The paper's core finding is that causal interpretability techniques developed on image VAEs do not transfer cleanly to tabular data. Tabular models show roughly half the circuit modularity of image ones, and beta-VAE in particular sees CES scores drop sharply to 0.043 from 0.133, with a strong negative correlation to MSE (r = -0.886). High-specificity interventions still predict better downstream AUC (r = 0.460). This is backed by 75 runs per architecture across five VAE variants on four tabular benchmarks plus one image set, with Holm-Sidak corrections applied to the architecture comparisons. CES captures nine of eleven significant differences, which is a solid empirical result. The new pieces are posterior-calibrated CES, path-specific activation patching, and Feature-Group Disentanglement; these are genuine additions that let them run the same intervention framework on heterogeneous features. The work is useful for anyone using VAEs on tables for imputation or synthetic data, because it quantifies why image-style guidance falls short and offers concrete fixes. The soft spot is the lack of a control that holds reconstruction quality constant while recomputing CES across domains. Without it, the collapse could partly reflect ill-defined patching on mixed-type inputs rather than a pure architectural difference. Posterior calibration helps but is done on the evaluation data, so some circularity remains even though the external AUC correlations provide grounding. The citation pattern looks reasonable and the multiple random seeds add credibility. This is worth sending to peer review for researchers focused on generative-model interpretability outside images; the empirical scale is enough to justify referee time even if the causal claims need tighter validation on the metric extension.

Referee Report

2 major / 2 minor

Summary. The manuscript claims that causal circuits and interpretability methods developed for image VAEs do not transfer to tabular data. It extends a four-level causal intervention framework to four tabular and one image benchmark across five VAE architectures (75 runs per architecture), introduces posterior-calibrated Causal Effect Strength (CES), path-specific activation patching, and Feature-Group Disentanglement (FGD), and reports that tabular VAEs show ~50% lower modularity, beta-VAE exhibits near-complete CES collapse (0.043 vs. 0.133) attributable to reconstruction degradation (r=-0.886), CES detects nine of eleven architecture differences under Holm-Šidák correction, and high-specificity interventions predict higher downstream AUC (r=0.460). The work challenges the transferability of image-derived architectural guidance to tabular applications such as imputation and synthetic data generation.

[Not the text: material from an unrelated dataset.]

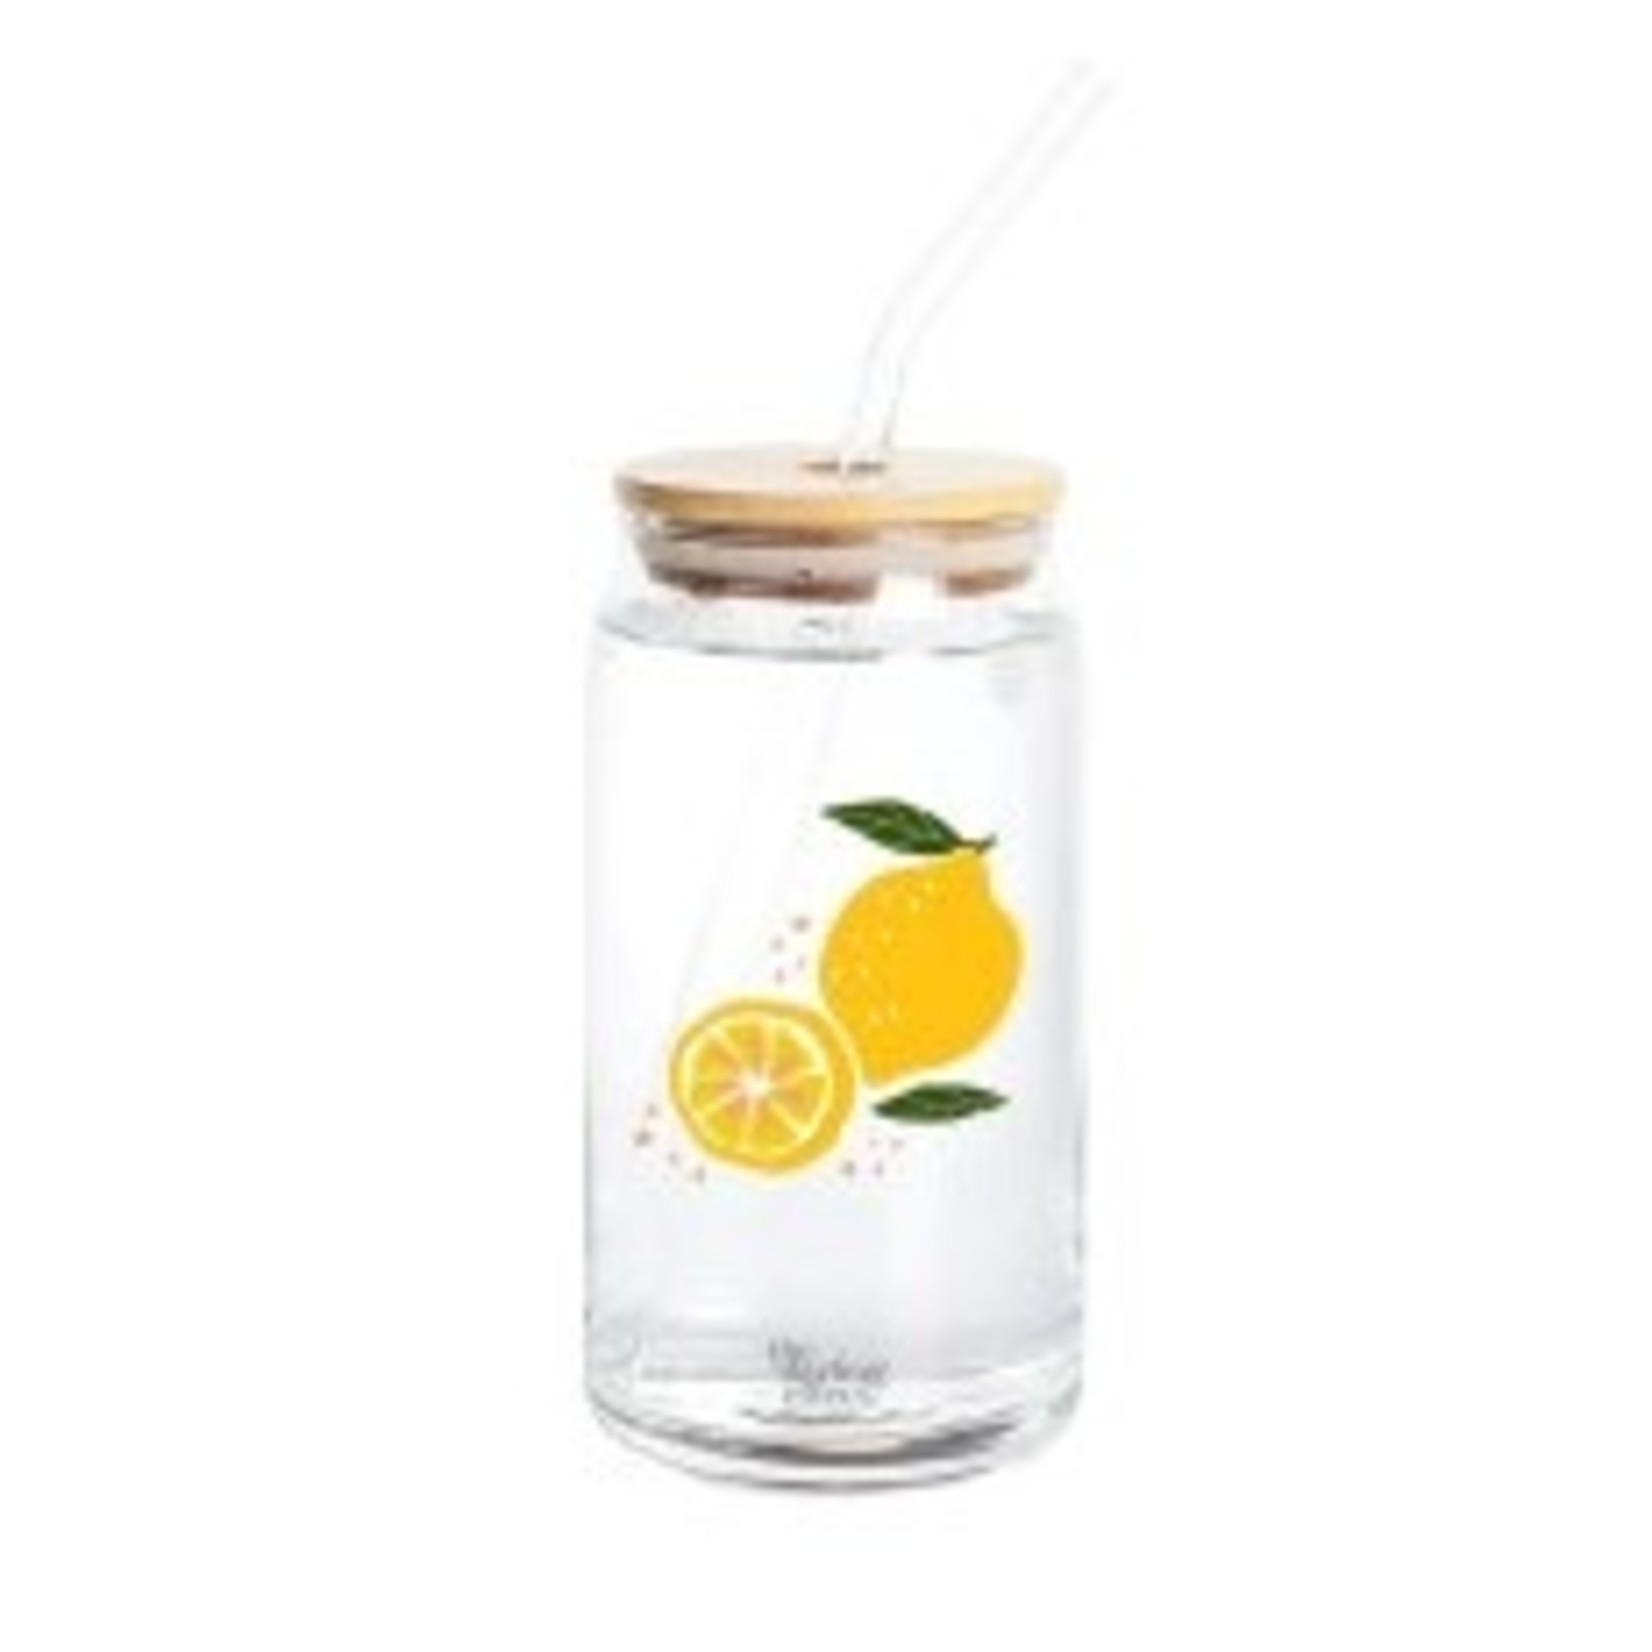 Citrus Lemon Glass Drinkware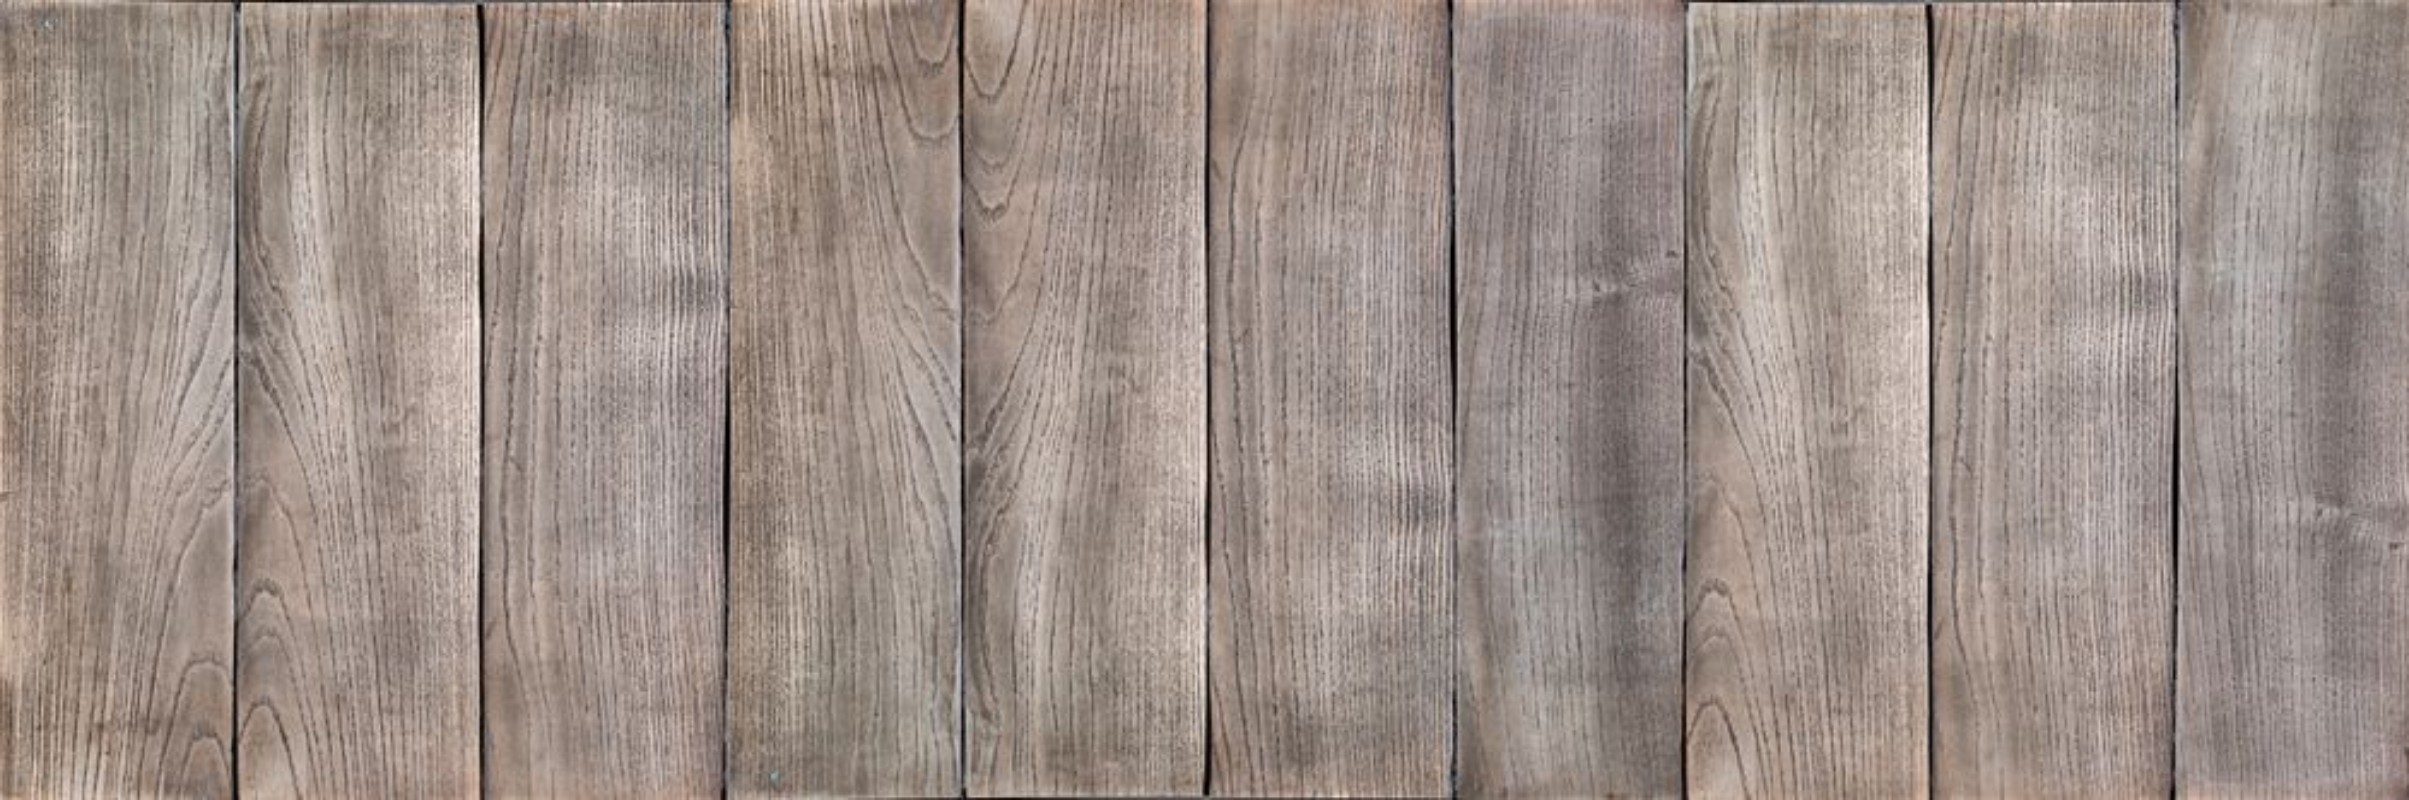 Bild på Wood background or texture

Significance. If the central claims survive a control that isolates reconstruction quality, the paper would make a meaningful contribution to mechanistic interpretability of generative models by demonstrating domain-specific limitations of image-derived causal circuit methods and by proposing calibration and grouping techniques tailored to heterogeneous tabular inputs. The extensive run count, multiple-seed design, and downstream-task correlation provide a stronger empirical foundation than many interpretability studies; the negative CES-MSE link and specificity-AUC correlation offer falsifiable, practically relevant observations for VAE practitioners.

major comments (2)

[Abstract / Results] Abstract and Results: The claim that tabular VAEs exhibit intrinsically lower modularity and CES collapse rests on the assumption that the four-level intervention framework and CES metric remain valid when inputs change from homogeneous pixel grids to mixed-type tabular vectors. The reported r=-0.886 between CES and MSE is consistent with the alternative that poor reconstruction renders activation patching ill-defined rather than revealing an architectural difference. No control experiment that holds reconstruction quality constant across domains while recomputing CES is described; without it the non-transfer conclusion is not yet load-bearing.
[Methods] Methods (posterior calibration and CES definition): Posterior calibration is introduced to mitigate reconstruction artifacts, yet the manuscript provides no sensitivity analysis on the calibration parameters or explicit check that calibration does not introduce post-hoc selection that inflates the reported modularity gap or CES differences. Because CES is computed after calibration on the same data used for evaluation, a control that recomputes CES under fixed reconstruction quality is required to separate metric artifact from genuine causal-structure difference.

minor comments (2)

[Abstract] Abstract: The text states that three new techniques are introduced but names only posterior-calibrated CES and FGD explicitly; path-specific activation patching is mentioned later. Ensure the abstract lists all three consistently.
[Results] Results: The 50% modularity reduction is reported without the precise formula used for heterogeneous tabular features; clarify whether modularity is computed on feature groups or individual columns and how this compares to the pixel-grid definition.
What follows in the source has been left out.